As the story goes, when the glaciers melted, they left behind some geological abnormalities and one of them is this rock. It is named after John Doane, a deacon who was one of the first settlers in the area. He lived on this land in 1644, in a time when very few Europeans were around. The rock’s appearance might not blow you away, but it’s worth having a look at if you have the time because of its history.

After that, swing by The Three Sisters Lighthouses or Nauset Light while in Eastham, The Pilgrim Monument and Race Point Light in Provincetown, and Highlands Light in Truro. There is something that draws people to lighthouses and monuments, and these are some of the most prominent on The Cape.

Museums and Visitor Centers

We mentioned the history of the area before and what better way to learn about the history of Cape Cod National Seashore than by spending time at a museum?

In the north, you have options like Provincetown Museum, which is right at Pilgrim Monument, and Old Harbor Life-Saving Station Museum, on Race Point Beach.

Moving further south, Highland House in Truro and The 1869 Schoolhouse Museum in Eastham are worth a visit, especially if Cape Cod's history excites you the way it does for many other people who spend time here.

The area’s visitor centers are top-notch when learning about what makes the district so distinctive. The Salt Pond Visitor Center is perhaps the top choice, as it is full of interactive displays and shows educational films. There is also an on-site museum and bookshop.

Further north is The Province Lands Visitor Center, a smaller building that also shows educational films in its indoor theater and has a bookstore. The building has an observation deck, as well, which provides panoramic views of the ocean, sand dunes, Pilgrim Monument, and Race Point.

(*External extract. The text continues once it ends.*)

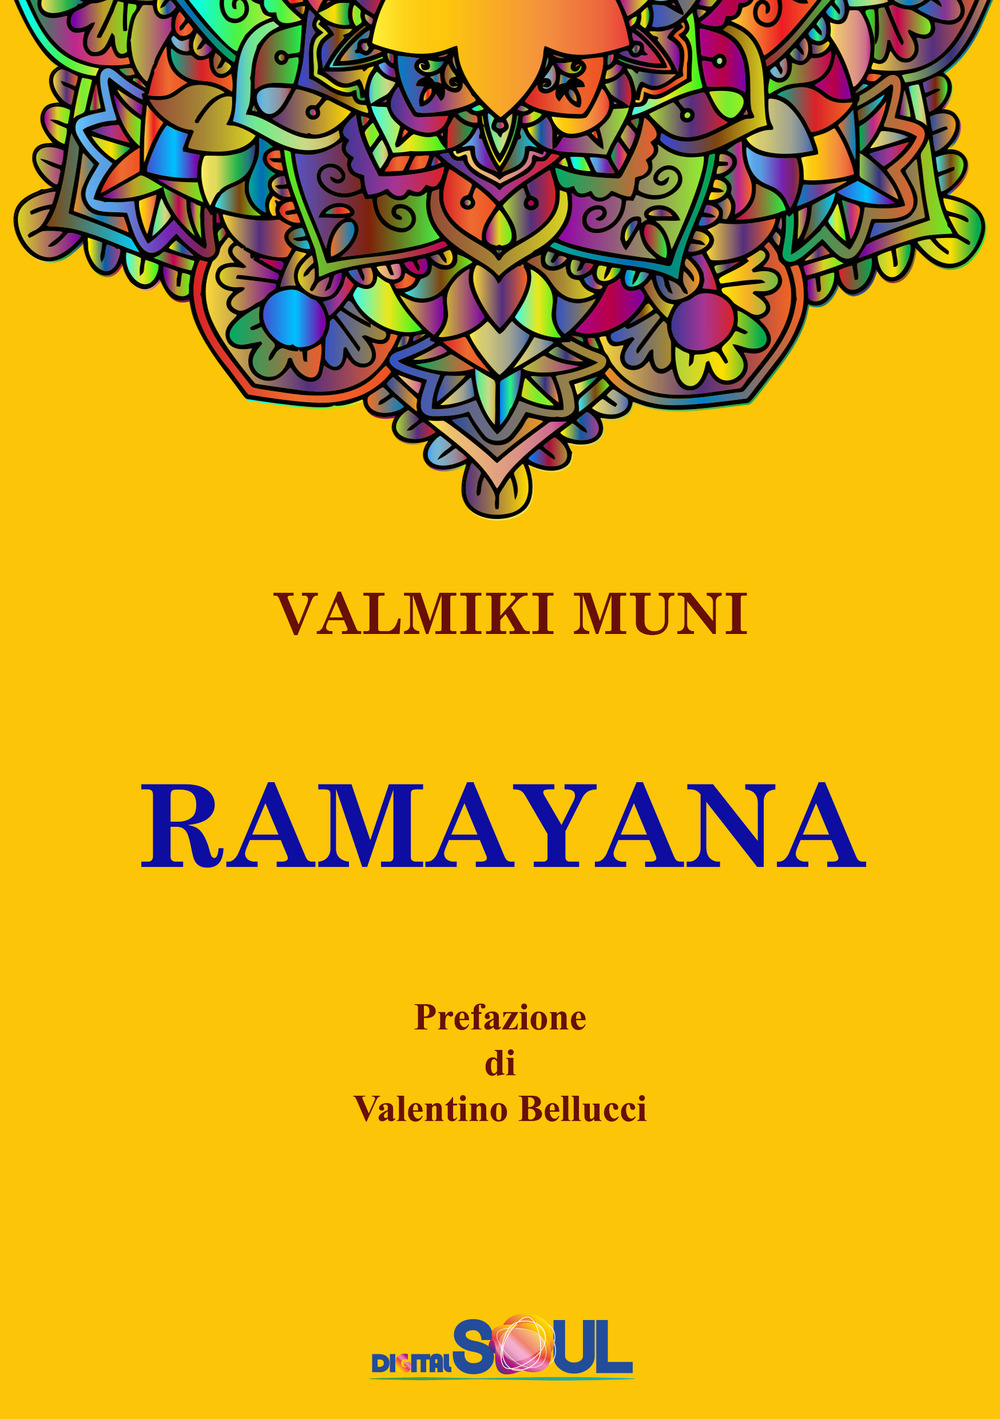 Ramayana. La storia dell'Avatara Sri Rama

Embrace Life Away From the Beach

Of course, you’re sure to get plenty of beach time in when visiting Cape Cod in the summer. After all, that’s probably the reason why you’re visiting this area in the first place. At the same time, it’s good to know that there are plenty of other activities to keep you occupied when spending time at Cape Cod National Seashore.

If you ever need a day away from the beach to let your sunburn heal or relax away from the heat, the National Seashore has you covered. So, plan your next Cape Cod Vacation around the Cape Cod National Seashore and you will soon notice that Cape Cod National Seashore is unlike the other National Parks you have visited in the past.